Dystopian fiction has had a good run in recent decades, but many today on both sides of the aisle find reality similarly dark. Michael Ard suggests at Discourse Magazine that perhaps things aren’t quite as bleak as they appear when it comes to the future of democracy despite the naysayers.
[T]houghtful introspection about our political status is prudent. Is our democratic system really eroding? Are we heading for political instability or worse? Using social-science tools, two recent studies attempted to diagnose our supposed decline, but their findings seem skewed and often at odds with common sense.

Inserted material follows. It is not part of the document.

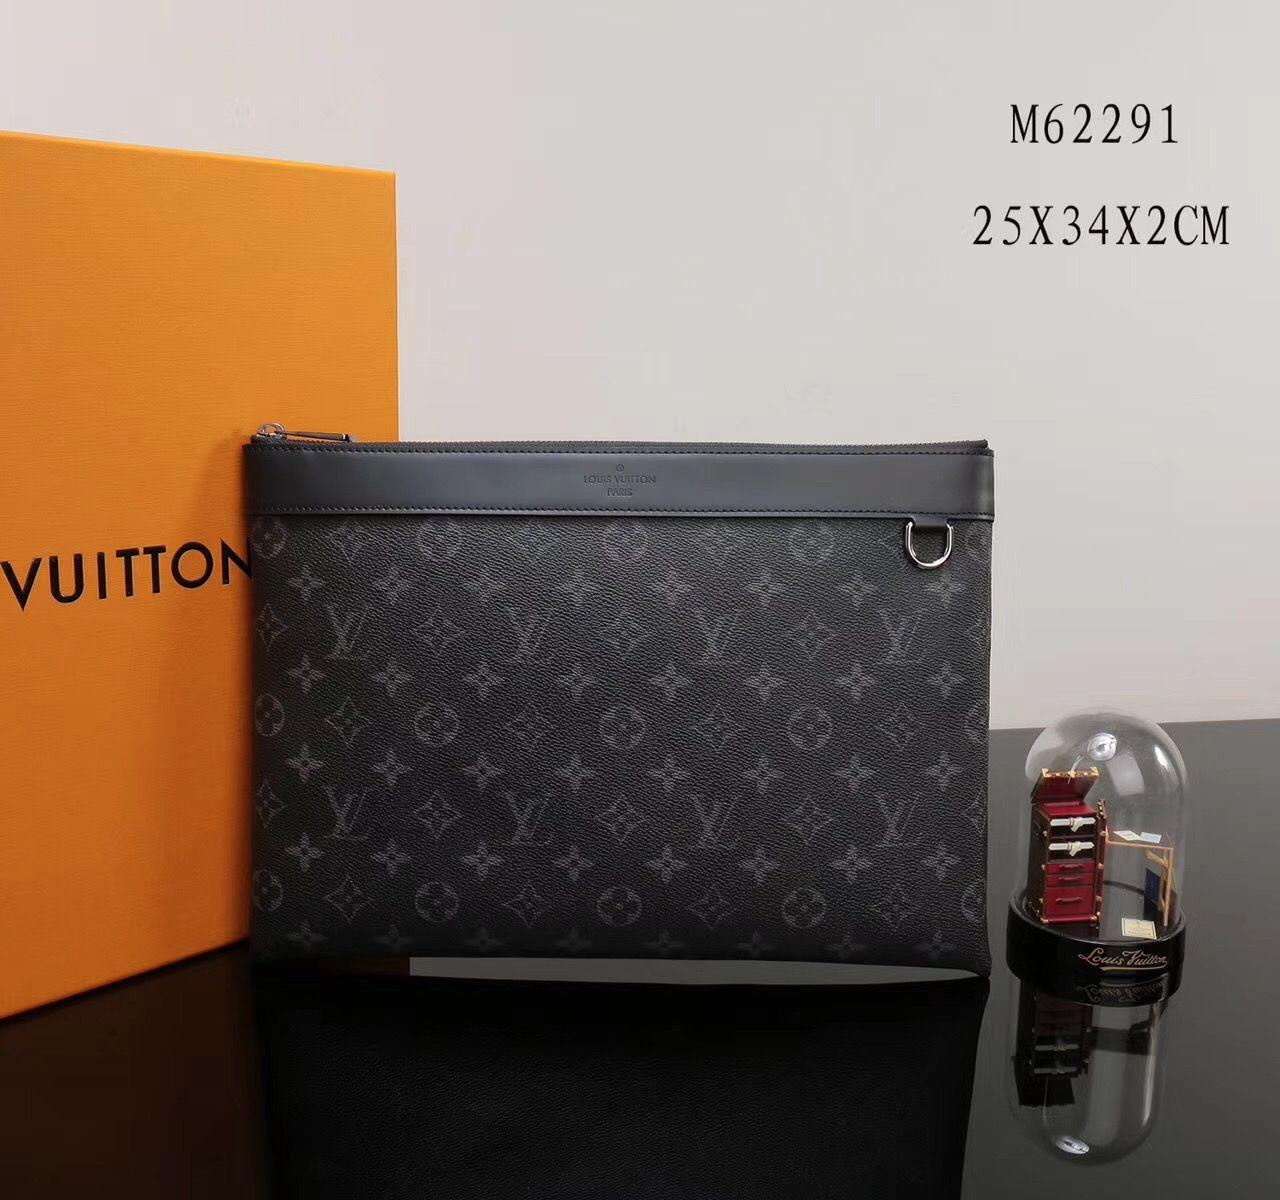 Replica Men Lv Louis Vuitton M62291 Pochette Apollo Clutch Bag Monogram Handbag Gray Monogram Handbag Clutch Bag Vuitton

In the annual freedom ratings compiled by Freedom House, the U.S. government-supported think tank, the U.S. has dropped 11 points over the last 10 years and is now ranked with democratic upstarts Romania and Panama. Freedom House justifies the reduced score by citing “rising political polarization and extremism, partisan pressure on the electoral process, bias and dysfunction in the criminal justice system, harmful policies on immigration and asylum seekers, and growing disparities in wealth, economic opportunity and political influence.” The blame for our alleged fall from grace, according to its analysts, lies mainly with the Republican Party and what they believe are its persistent efforts to undermine democracy by attempting to overturn elections and prevent minorities from voting.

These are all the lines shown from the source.